Market

Lawan Disriminasi Sawit UE, RI Tunda Bahas Perjanjian Dagang

Terkait diskriminasi Uni Eropa terhadap produk sawit Indonesia, melalui EU Deforestation Free Regulation (EUDR), bakal direspons dengan penundaaan kerja sama perdagangan.

Menko Perekonomian, Airlangga Hartarto, mengatakan, negosiasi perdagangan bebas antara Indonesia dengan Uni Eropa akan ditunda sementara waktu. Pembahasan perdagangan bebas ini telah berjalan selama tujuh tahun, namun tak kunjung menelorkan sebuah keputusan. .

“Sambil menunggu kelonggaran aturan yang diberikan kepada produsen minyak sawit di bawah aturan baru. Kami akan tunggu tujuh tahun lagi,” ujar Menko Airlangga, Jakarta, dikutip Sabtu (3/6/2023).

Dia mengatakan, Indonesia dan Malaysia mengambil sikap tegas dengan menunda pembicaraan kerja sama perdagangan dengan Uni Eropa, sambil menunggu kelonggaran aturan EU Deforestation Free Regulation (EUDR). Kedua negara menginginkan perlakuan yang lebih adil kepada produsen minyak sawit yang terkena aturan baru tersebut.

Menko Airlangga mengatakan, kebijakan EUDR tersebut berpihak pada “perusahaan besar atau multinasional” yang mampu membayar tingkat birokrasi yang dituntut oleh peraturan tersebut.

Sebelumnya, deputy prime minister of Malaysia, Dato’ Sri Haji Fadillah bin Haji Yusof mengatakan, EUDR sangat diskirminatif dan tidak adil bagi petani Malaysia dan Indonesia. “EUDR ini bersifat hukuman dan tidak adil bagi petani di Malaysia dan Indonesia,” ujar Dato’ Sri Haji dikutip dari Financial Times saat berkunjung ke Brussel, Rabu (31/5/2023).

Dia mengatakan bahwa tawaran dari pejabat UE untuk memajukan pembicaraan tentang kesepakatan perdagangan dengan Malaysia akan bergantung pada tindakan apa yang diambil UE untuk meningkatkan perlakuan terhadap petani kecilnya.

Intervensi oleh kedua menteri tersebut adalah yang terbaru dari serangkaian perselisihan perdagangan antara negara-negara Asia Tenggara dan UE. Kedua belah pihak memiliki perselisihan terbuka dengan pihak lain yang sedang ditinjau oleh Organisasi Perdagangan Dunia.

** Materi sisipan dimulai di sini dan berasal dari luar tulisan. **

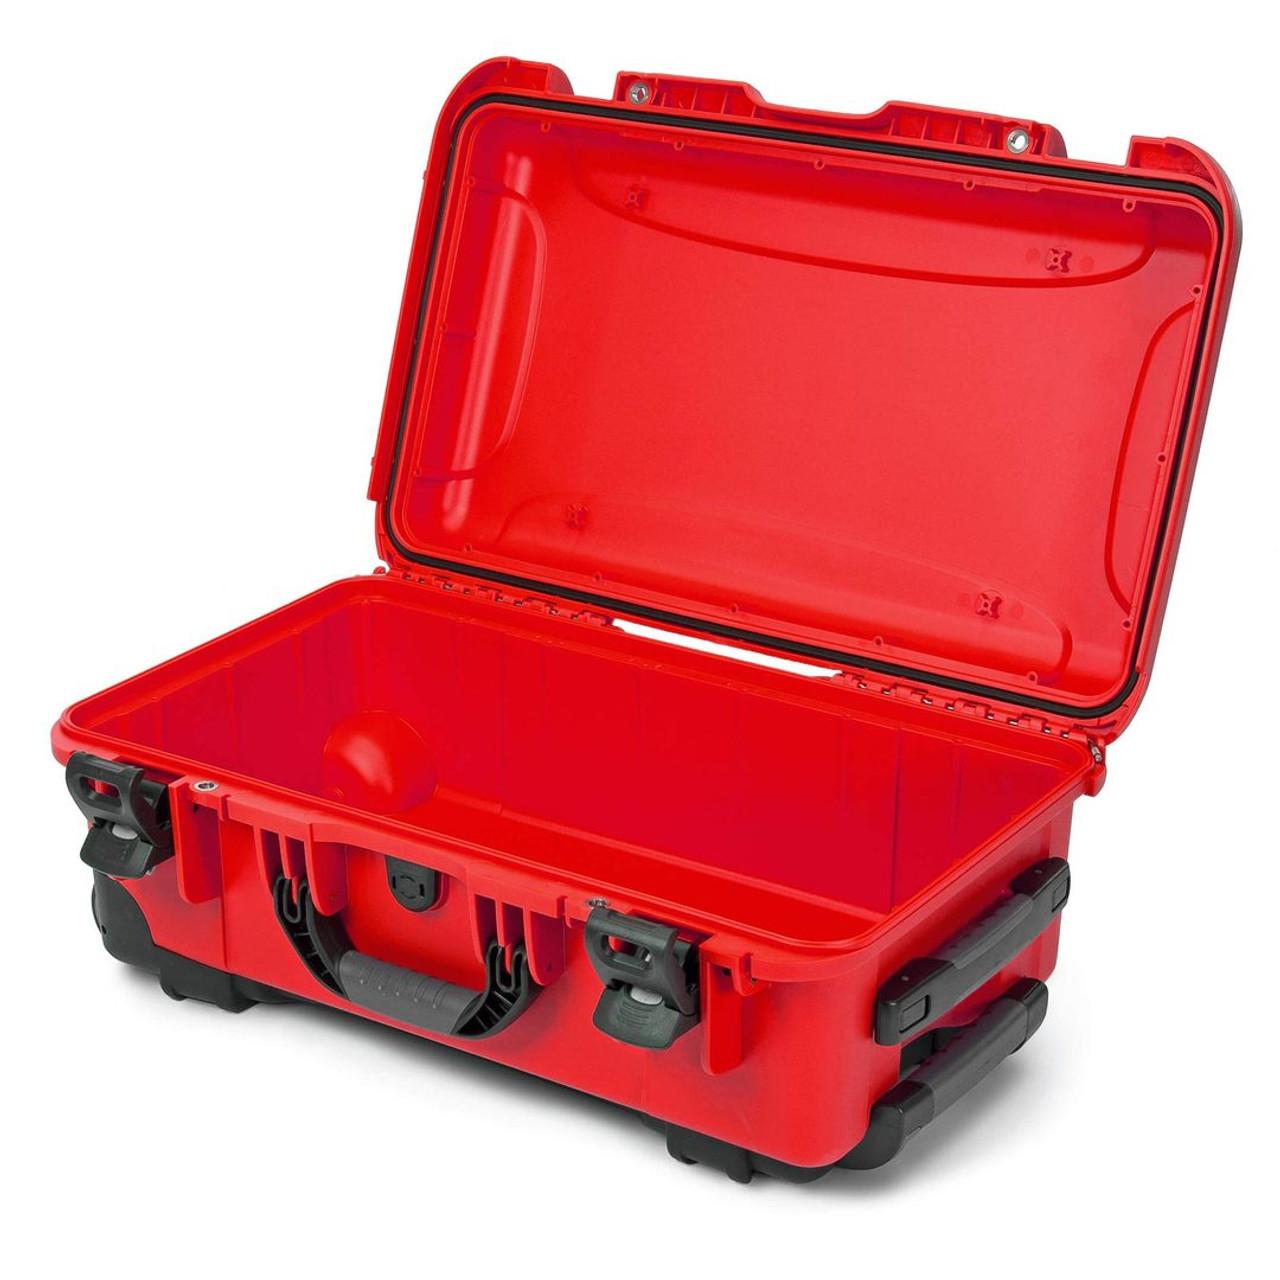 Nanuk 935 First Aid Case (Empty)
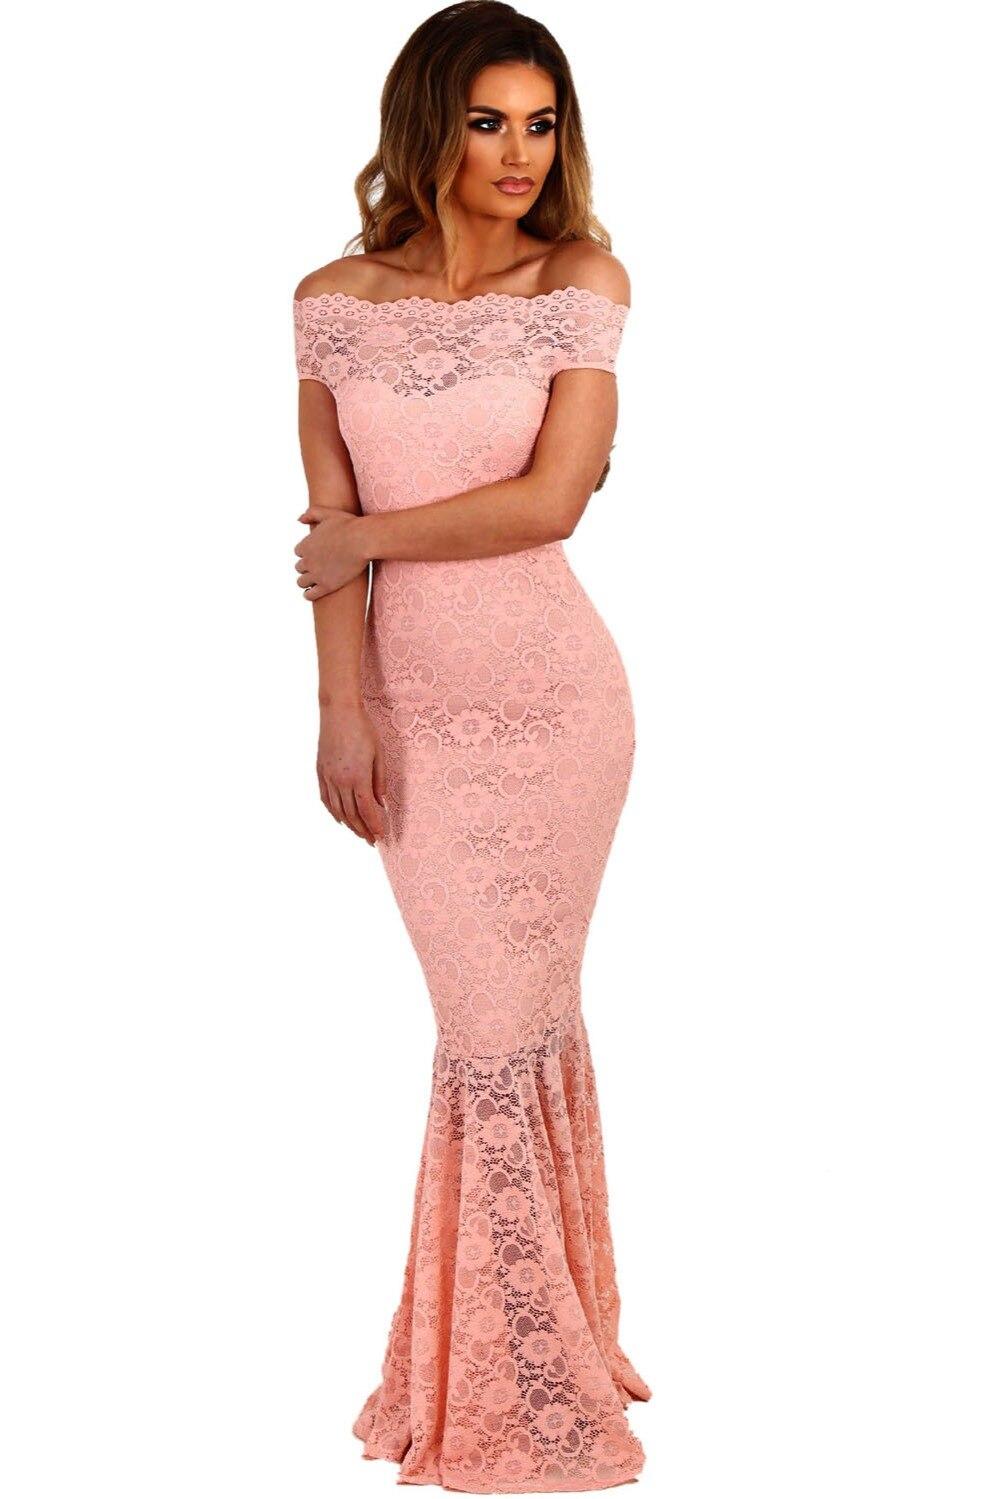 Navy short lace mini summer dress dresses elegant party vestidos brand - Women Lace Dresses Party Gowns Sexy Off Shoulder Ladies Robe De Soiree Navy Fishtail Maxi Dress

Joint Mission Indonesia dan Malaysia ke Uni Eropa yang berlangsung pada 30 – 31 Mei 2023 di Brussels, Belgia, bertujuan untuk menyampaikan concern kedua negara mengenai European Union Deforestation Free Regulation (EUDR) yang dipandang dapat menghambat akses pasar komoditas kelapa sawit ke pasar Uni Eropa dan merugikan para petani kecil (smallholders) yang akan terbebani dengan persyaratan regulasi EUDR dimaksud.

Kegiatan utama Joint Mission yang dipimpin Menteri Koordinator Bidang Perekonomian RI Airlangga Hartarto dan Deputy Prime Minister/Minister of Plantation and Commodities of Malaysia Dato’ Sri Haji Fadillah Bin Haji Yusof adalah pertemuan dengan beberapa pejabat kunci Uni Eropa, di antaranya High Representative of the European Union for Foreign Affairs and Security Policy, Josep Borrell-Fontelles; Commissioner for the Environment, Oceans and Fisheries, Virginijus Sinkevicius; Executive Vice President–European Green Deal and Commissioner for Climate Action Policy, Frans Timmermans; Vice President of the European Parliament MEP, Heidi Hautala; serta Chair of International Trade/INTA Committee MEP, Bernd Lange.

Dalam pertemuan tersebut, hal yang dibahas antara lain menyangkut implementasi atau dampak dari EUDR terhadap akses pasar kelapa sawit ke Uni Eropa, penerapan country benchmarking (penerapan label high risk, standard, dan low risk kepada negara tertentu yang dinilai akan merusak citra), Geolocation Data (membebani smallholders dan isu keamanan data), pengakuan standar nasional/internasional sektor kelapa sawit sebagai langkah mitigasi dari EUDR (RSPO, ISPO dan MSPO), compatibility EUDR terhadap ketentuan WTO, serta komitmen Indonesia dan Malaysia dalam perlindungan hak-hak pekerja sesuai Konvensi ILO.